今天有意思啦 !! big query + pyspark + Dataproc
流程很简单
我们要用spark读取从bigquery读取table,然后我们对这个table做一个简单的处理,再分成两dataframe对象,然后把两个对象写入bigquery
1. spark 初始化,因为要读取成dataframe或者sql形式,导入SparkSession
#!/usr/bin/python
from pyspark.sql import SparkSession
2. 创建spark对象
spark = SparkSession.builder.master('yarn').appName('your app name').getOrCreate()
3 我们通过connector连接一个google storage bucket 给Bigquery输出数据临时用
bucket = "haha_mm_bucket"
spark.conf.set('temporaryGcsBucket',bucket)
4 配置好tmp bucket,我们可以开始读取数据,并且把数据框注册为视图
df = spark.read.format('bigquery').option('table','datasetid:tableid').load()
df.createTempView("temp table name(比如words)")
也可以是df.createOrReplaceTempView('words') 这样就可以覆盖原来同样名字的临时视图
5 开始使用sql语句
lefttable = spark.sql("SELECT ACNO, FIELD_1, FIELD_2 FROM words")
righttable = spark.sql("SELECT ACNO, FIELD_3, FIELD_4 FROM words")
lefttable.show()
lefttable.printSchema()
righttable.show()
righttable.printSchema()
6 处理好的dataframe对象写入bigquery (注意,用sql处理过后的还是dataframe对象)
lefttable.write.format('bigquery').option('table','query-11:newdata.lefttable').save()
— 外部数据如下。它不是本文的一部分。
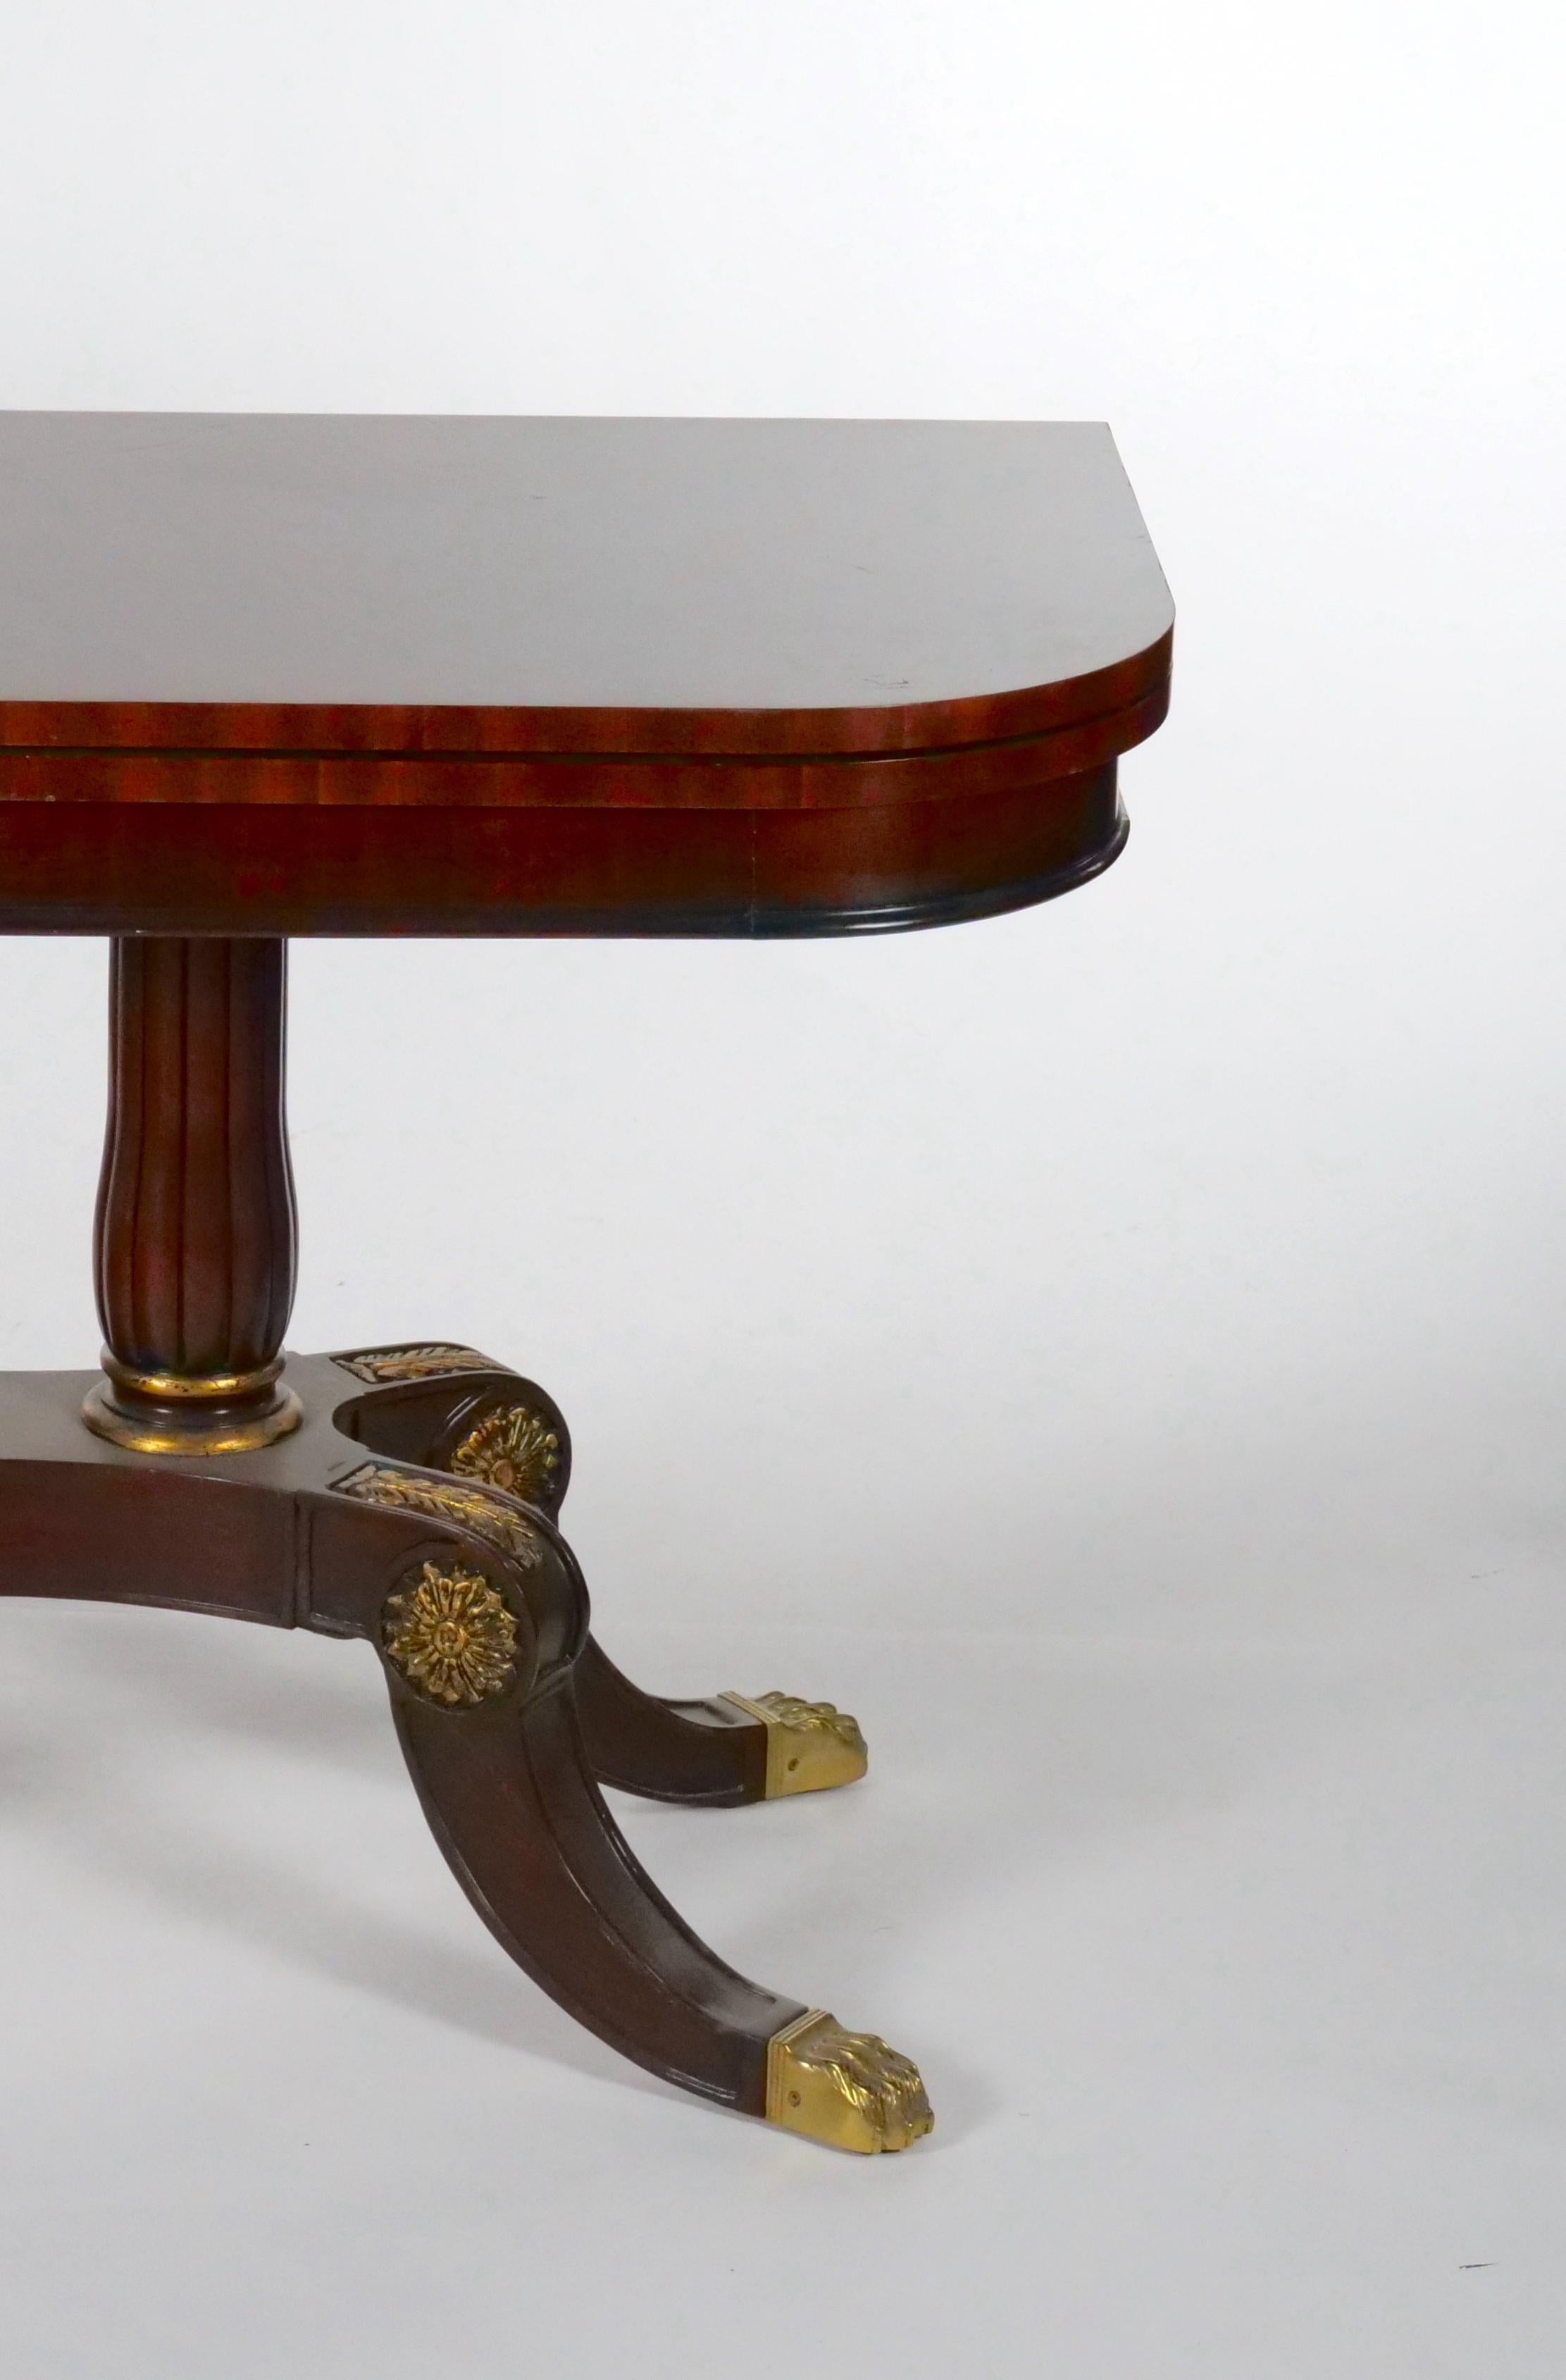 European Mid-20th Century Classical Style Mahogany Breakfast Table For Sale
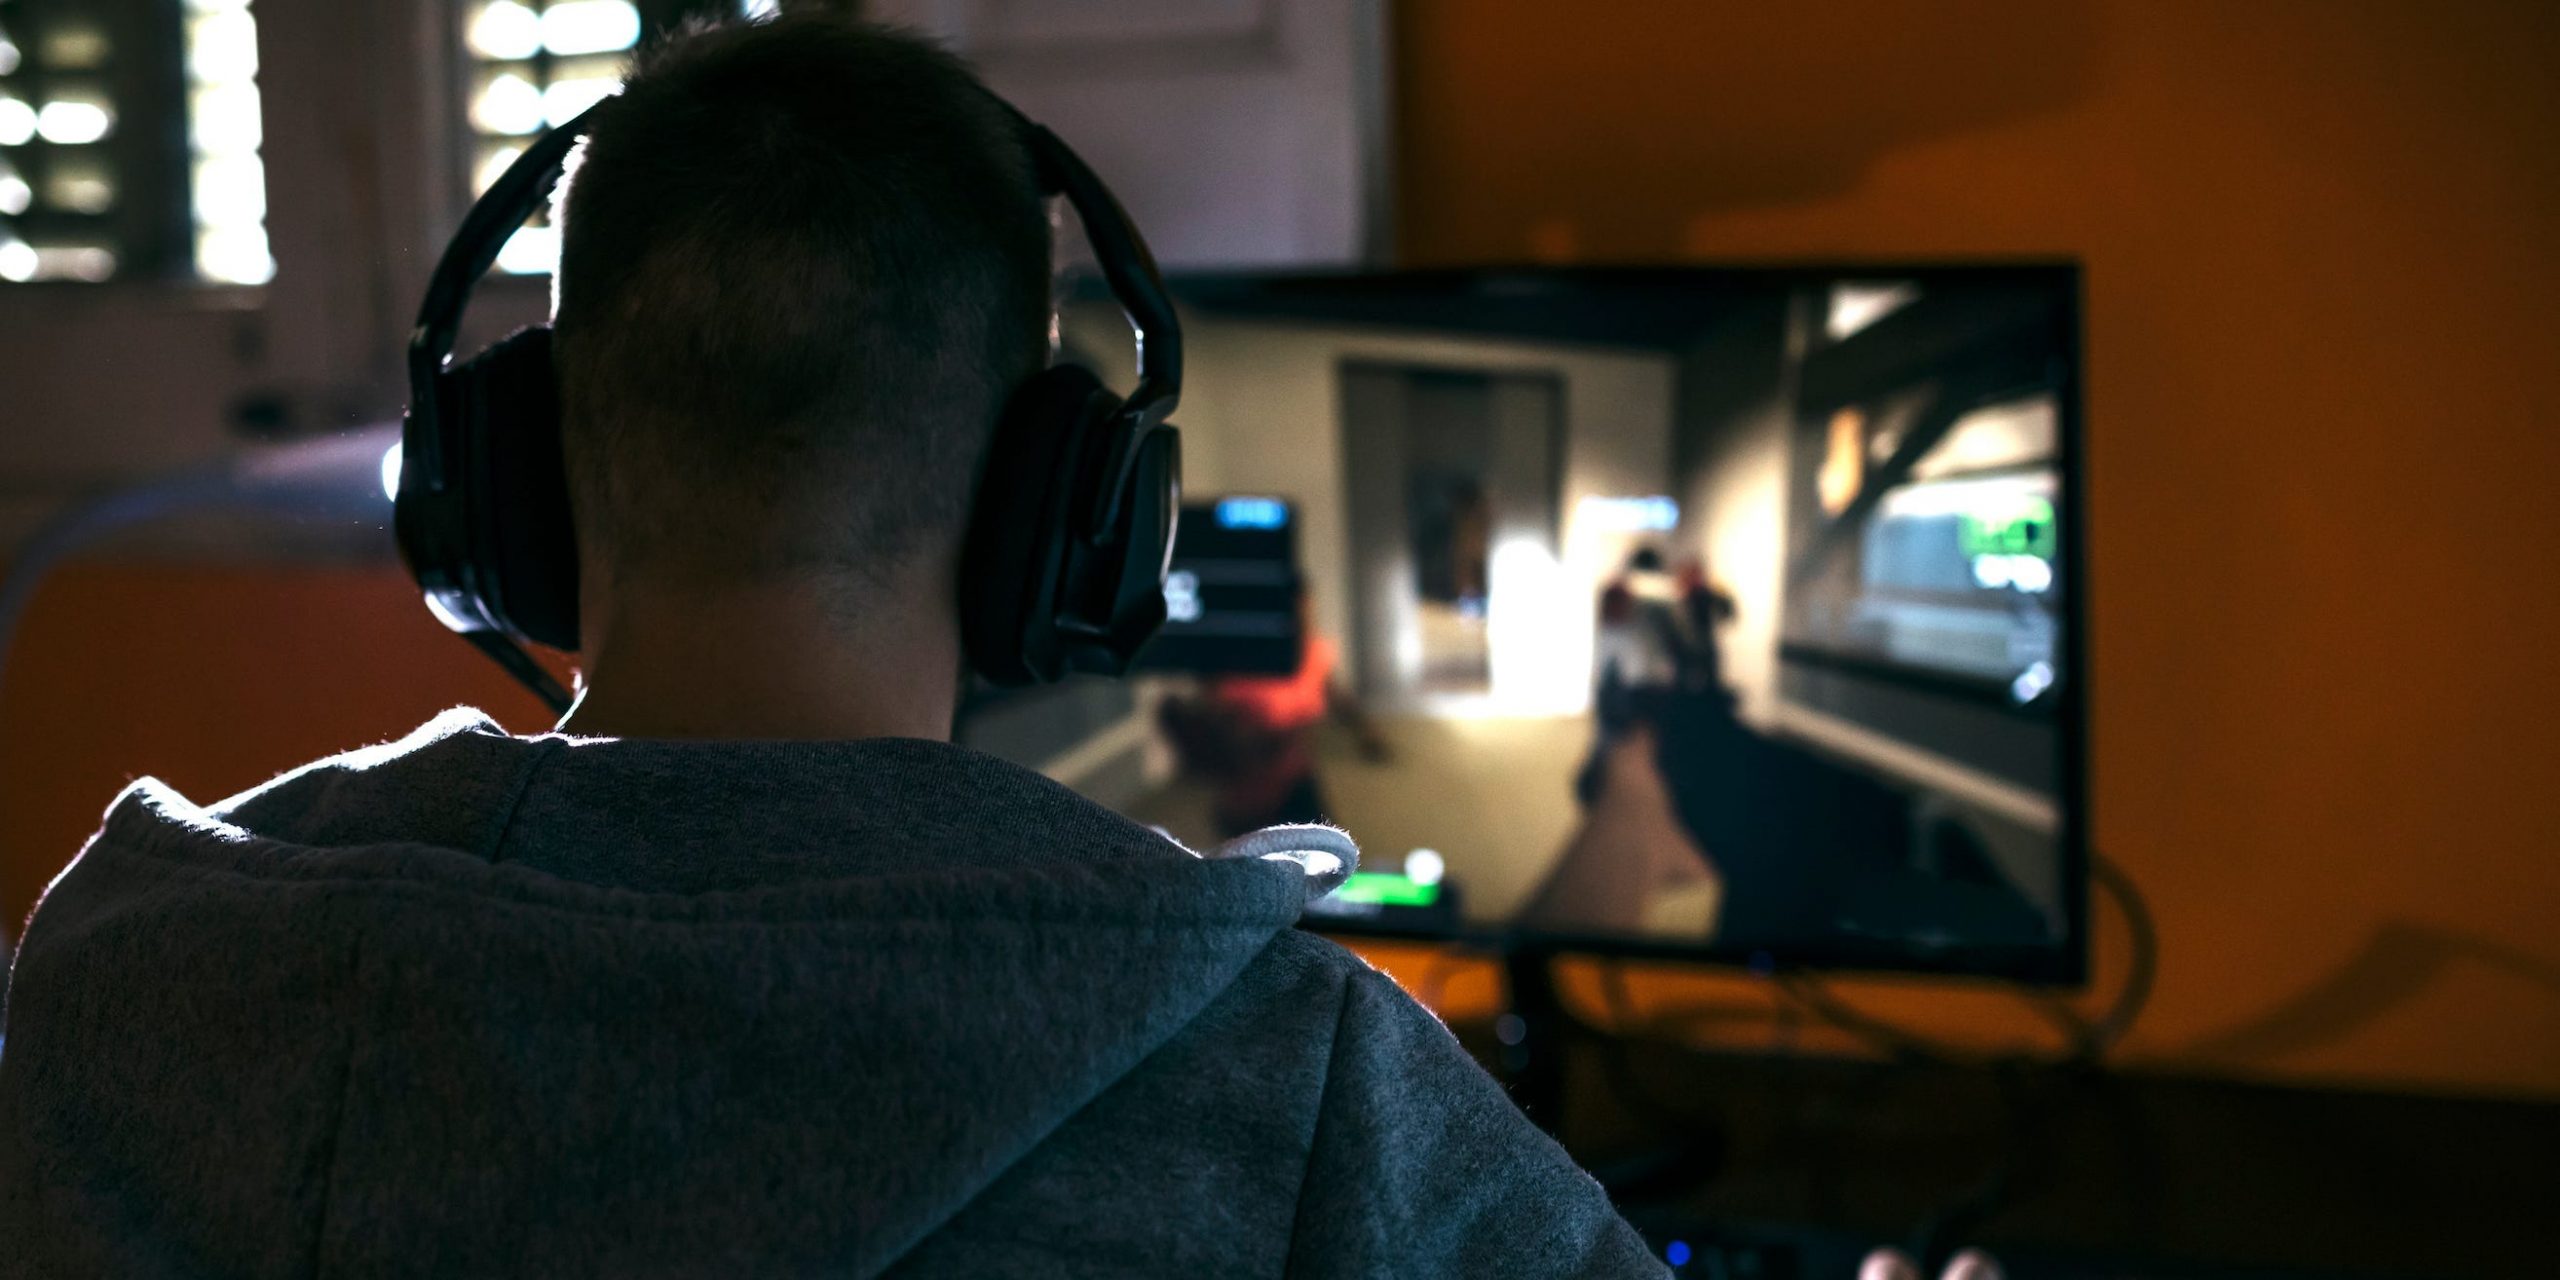 A man with headphones on plays a shooting game on his Windows PC computer.

righttable.write.format('bigquery').option('table','query-11:newdata.righttable').save()
7 去到终端输入命令,提交spark job
gcloud dataproc jobs submit pyspark wordcount.py \
--cluster cluster-name \
--region cluster-region (example: "us-central1") \
--jars=gs://spark-lib/bigquery/spark-bigquery-latest.jar
主要格式: gcloud dataproc jobs submit pyspark python.py(python文件) \ --cluster cluster-name \ --region cluster-region(比如:us-central1,一定要对应dataproc集群的region) --jars 与biguqery连接的包 注意这里的jars: If you are using Dataproc image 1.5, add the following parameter: --jars=gs://spark-lib/bigquery/spark-bigquery-latest_2.12.jar If you are using Dataproc image 1.4 or below, add the following parameter: --jars=gs://spark-lib/bigquery/spark-bigquery-latest.jar
gcloud config set dataproc/region us-central1
BUCKET_NAME=haha_mm_bucket
input=new.avro
gcloud dataproc jobs submit pyspark wordcount3.py \
--cluster cluster-662b \
-- gs://${BUCKET_NAME}/${input} \
--jars=gs://spark-lib/bigquery/spark-bigquery-latest.jar \
--packages com.databricks:spark-avro_2.11:4.0.0